Conventionally, we approximate a binomially-distributed variable $X\sim B(n, p)$ with the Poisson-distributed variable $Y\sim Po(np)$, with the mean of $X$ and $Y$ being identical.
However, we could also approximate $X$ with $Z\sim Po(np(1-p))$. While the mean of $X$ and $Z$ are different, the variances are identical.
That leads me to wonder if the "best" (perhaps under something like mean squared error) to approximate $X$ (with $n\gg 1$ and $p\ll \frac{1}{2}$) would be taking a Poisson distribution with $\lambda$ somewhere between $np(1-p)$ and $np$. So what would that optimal value $\lambda$ be?
I very much doubt that there's a closed-form solution for the optimal $\lambda$.
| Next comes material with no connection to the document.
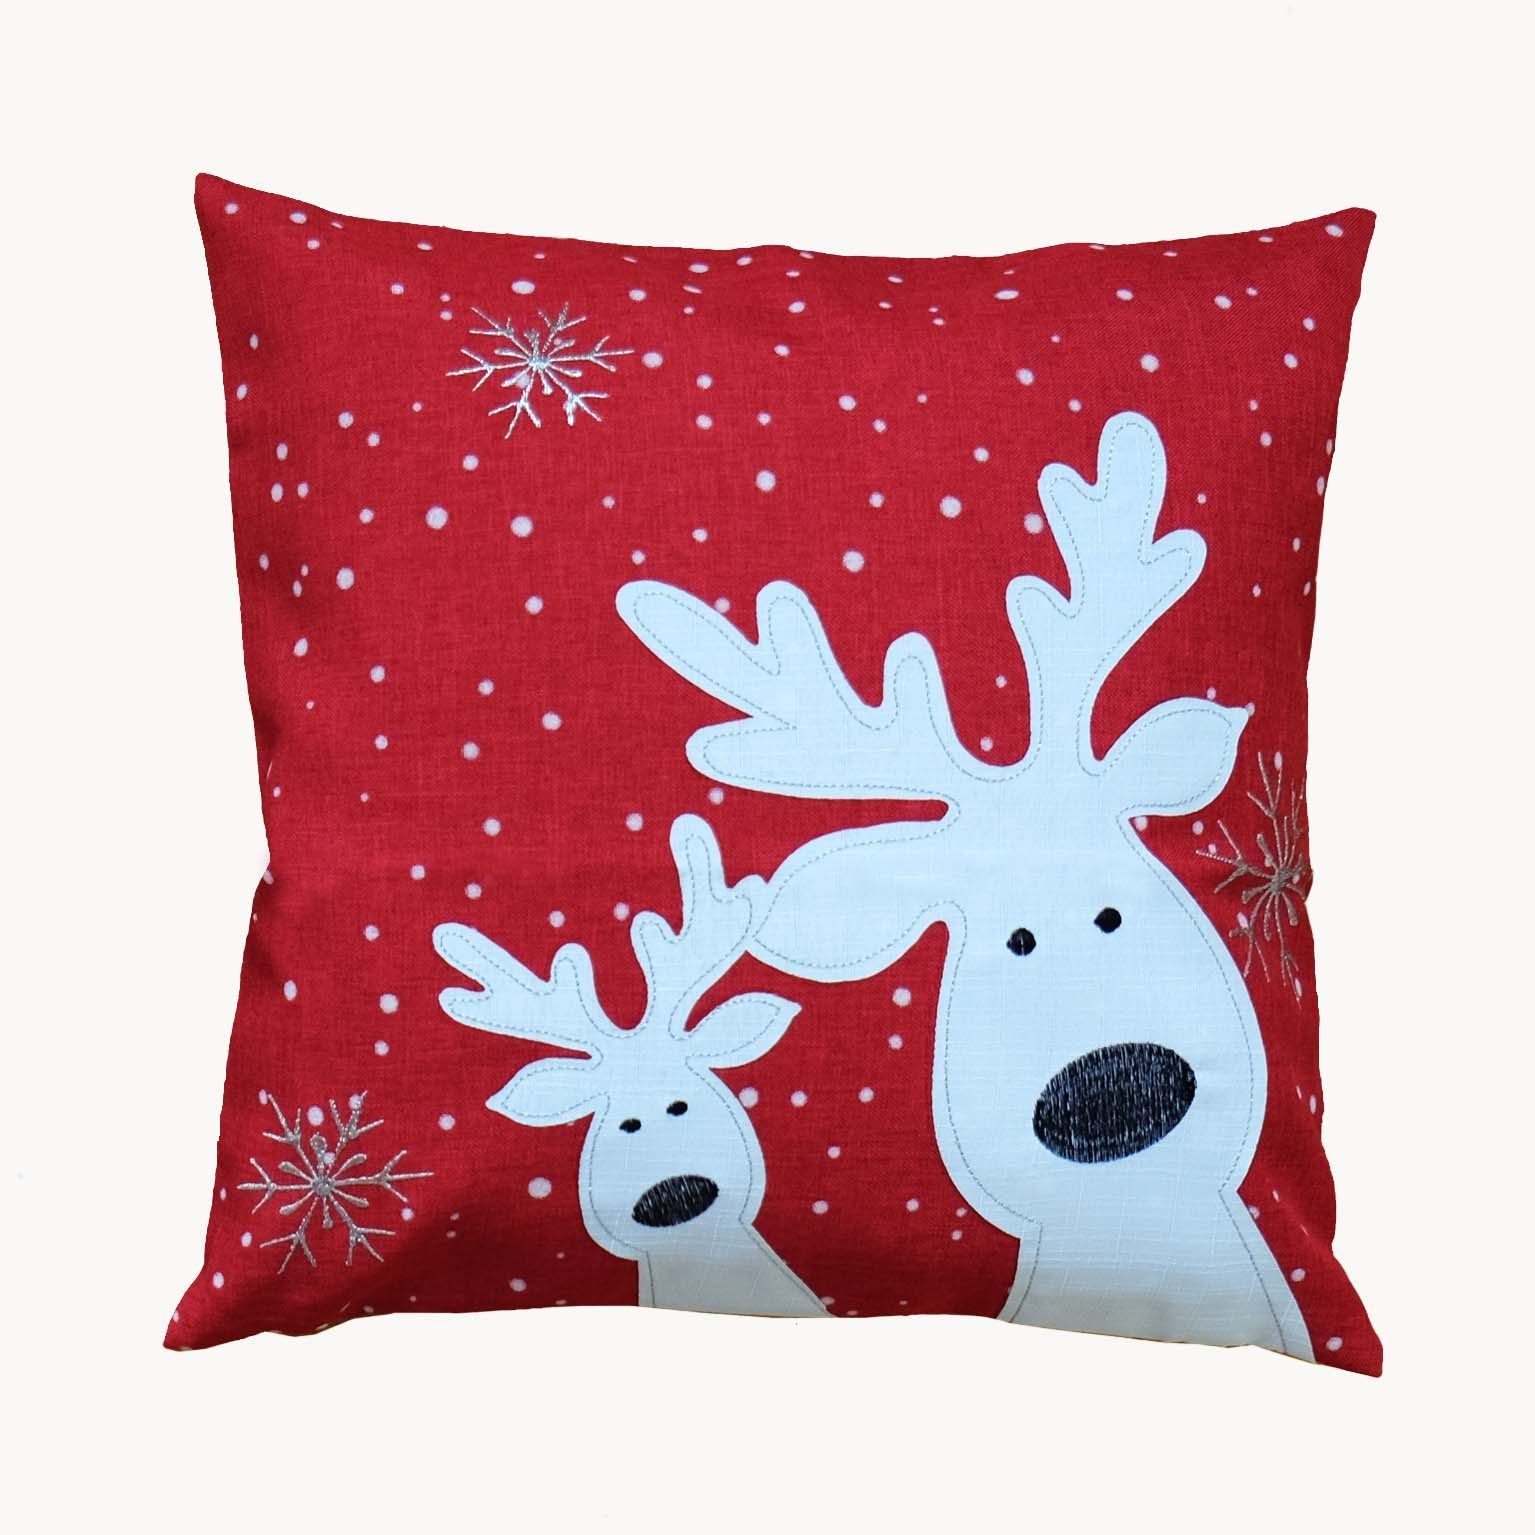 Kissenhülle mit verschiedenen Motiven Advent Weihnachten Winter, TextilDepot24, mit Reißverschluss rot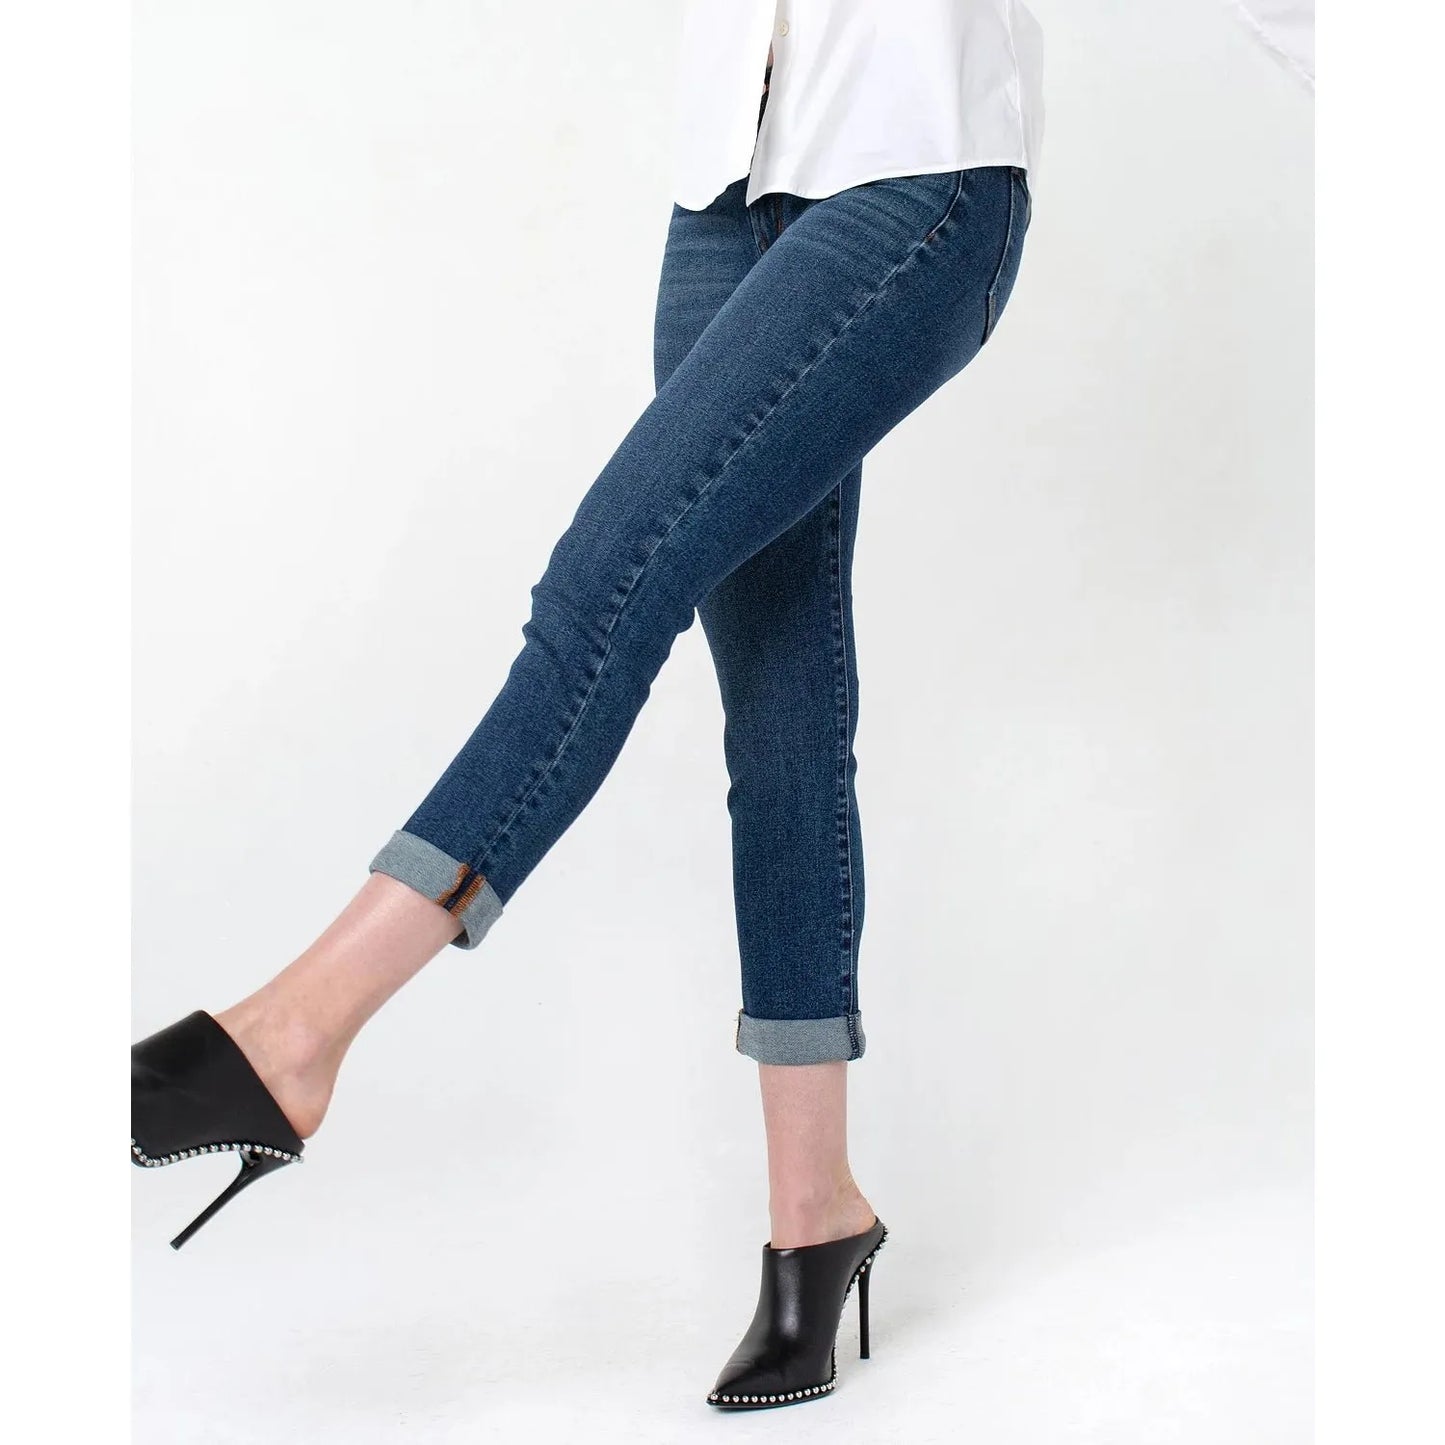 RACHEL-RACHEL Womens Roll Cuff Girlfriend Jeans, Blue, Size: 4 - Brandat Outlet

I tried an example: $n = 10$, $p = 1/10$. The objective is to minimize $$ g(\lambda) = \sum_{k=0}^\infty (\mathbb P(X = x) - \mathbb P(Y = x))^2$$ The optimal solution turns out to be the root of $$ 2 \,{\mathrm e}^{-2 \lambda} I_{1}\! \left(2 \lambda \right)-2 I_{0}\! \left(2 \lambda \right) {\mathrm e}^{-2 \lambda}+\frac{{\mathrm e}^{-\lambda} \left(\lambda^{10}+890 \lambda^{9}+319950 \lambda^{8}+60361200 \lambda^{7}+6503263200 \lambda^{6}+408316749120 \lambda^{5}+14624406014400 \lambda^{4}+279631499616000 \lambda^{3}+2473292401776000 \lambda^{2}+7029357352416000 \lambda -1405871470483200\right)}{18144000000000000} $$
which is approximately $1.042309798$, according to Maple. Note that this is greater than $np = 1$, while your $np(1-p) < 1$.